Keywords: Colorectal cancer, Endophytic fungi, Natural compound, Apoptosis, Autophagy
Colorectal cancer (CRC) is considered to be the third most common cancer, and the fourth leading cause of cancer-related death worldwide [1, 2]. Despite the tremendous progress made in the treatment of CRC, the survival rate of patients with unresectable lesions is as low as 13.1% [3]. Surgical resection is the main therapeutic approach for patients with early-stage CRC. However, because of drug resistance or dose-limiting toxicity, only limited success was achieved in the treatment of patients with advanced CRC [4]. Thus, there is an urgent need to develop novel therapeutic agents with fewer side effects and improved antitumor efficiency for CRC treatment.

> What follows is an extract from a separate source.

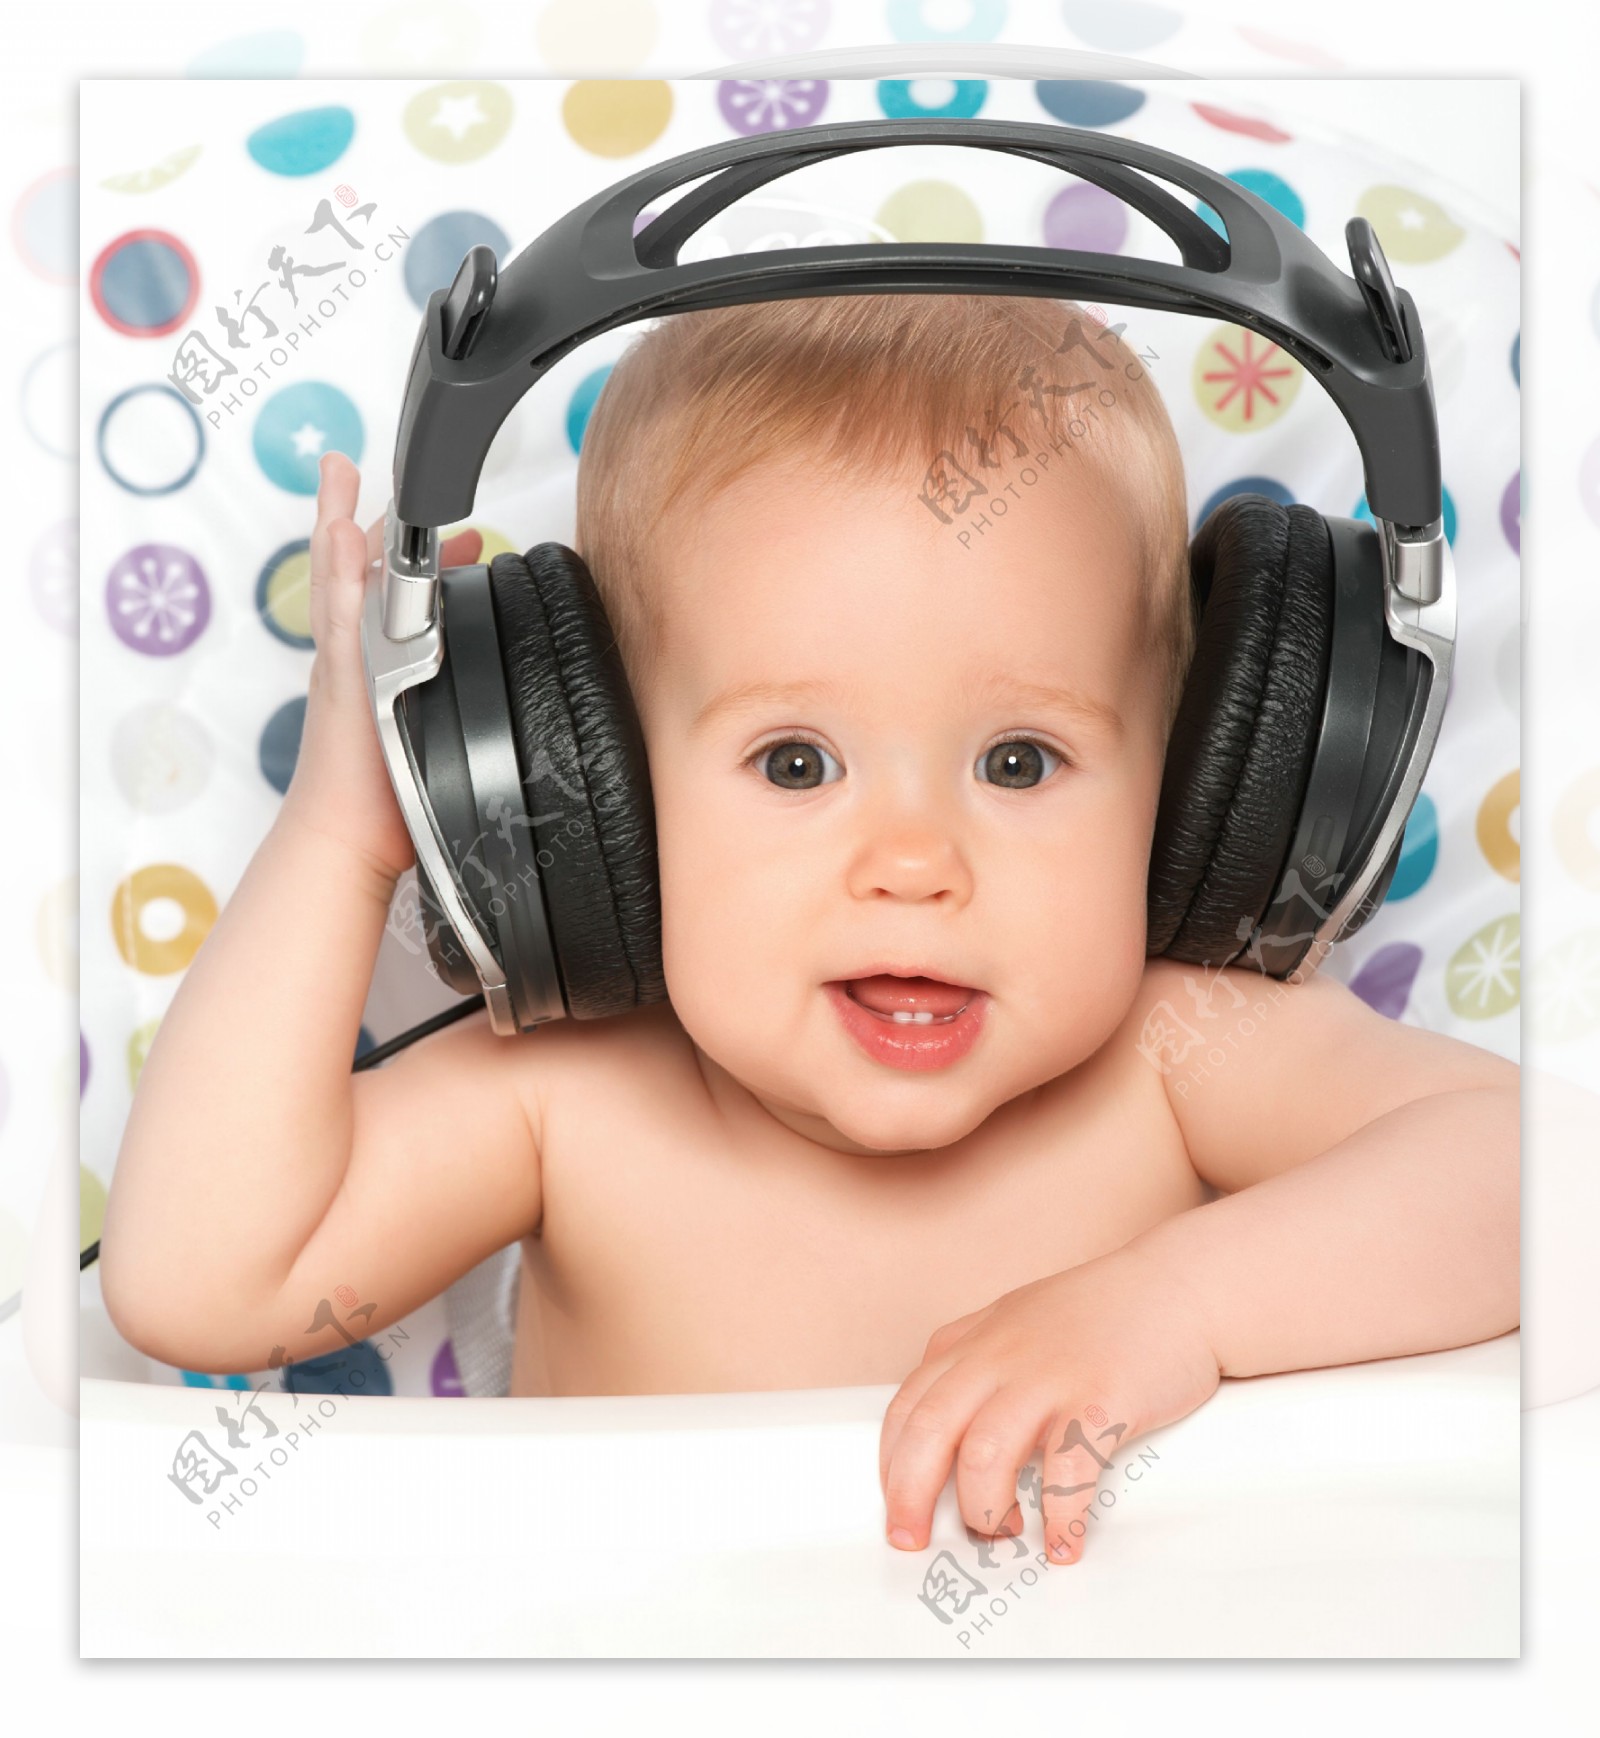 戴着大耳机的小男孩听音乐 库存图片. 图片 包括有 表达式, 偶然, 孩子, 耳朵, 投反对票, 倾听 - 214655199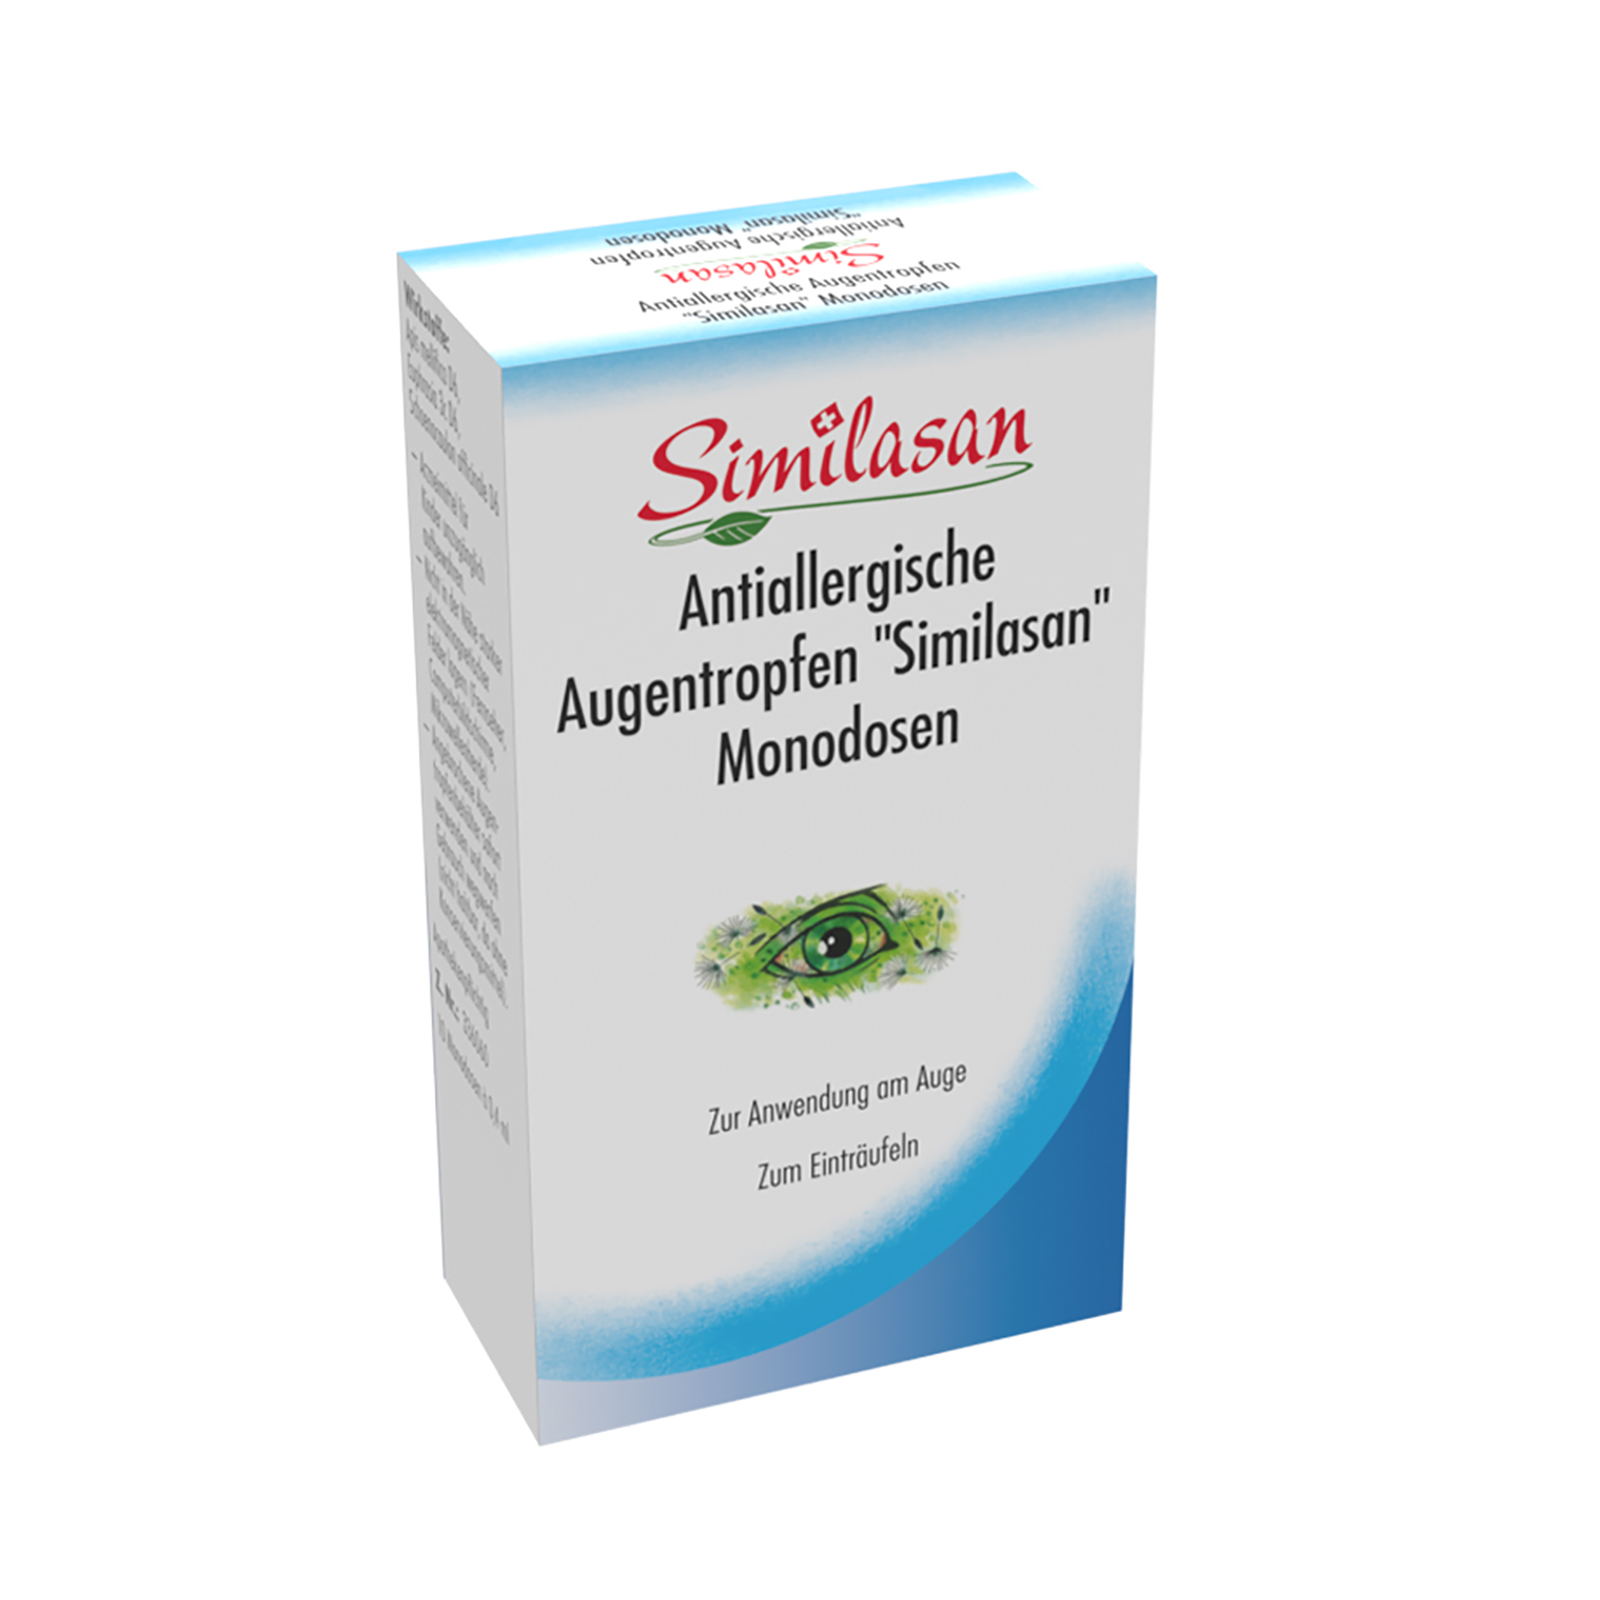 Antiallergische Augentropfen "Similasan" - Monodosen

Recently, natural compounds have received special attention in cancer therapeutics because of their potential ability to interfere with the carcinogenic processes by targeting several molecular signaling pathways or altering the tumor cell behaviors [5]. Natural anticancer compounds with significant efficacy extracted from plants, microorganisms, and marine organisms have been used in clinical practice [6]. Many natural products have been shown to suppress tumor growth by inducing cell cycle arrest or apoptosis [7, 8]. Endophytic fungi constitute an enormous and comparatively untapped source of biodiversity that is considered a wellspring of effective novel natural products with potential medical applications [9]. Since Taxol was first discovered in the endophytic fungus Taxomyces andreanae, endophytic fungi have drawn tremendous attention from researchers [10]. Over the past two decades, many anticancer metabolites, including camptothecin, vinblastine, vincristine and their derivatives isolated from endophytic fungi are currently being used clinically for the treatment of various cancers [11]. Our previous studies showed that four new chlorinated cyclopentene derivatives extracted from Rhytidhysteron sp. BZM-9 (an endophytic fungus) could moderately inhibit the cell viability of human CRC cell lines [12]. To further obtain the bioactive part of Rhytidhysteron sp. BZM-9, we isolated a monomer compound porric acid E from this endophytic fungus and evaluated its antitumor effects on CRC cells.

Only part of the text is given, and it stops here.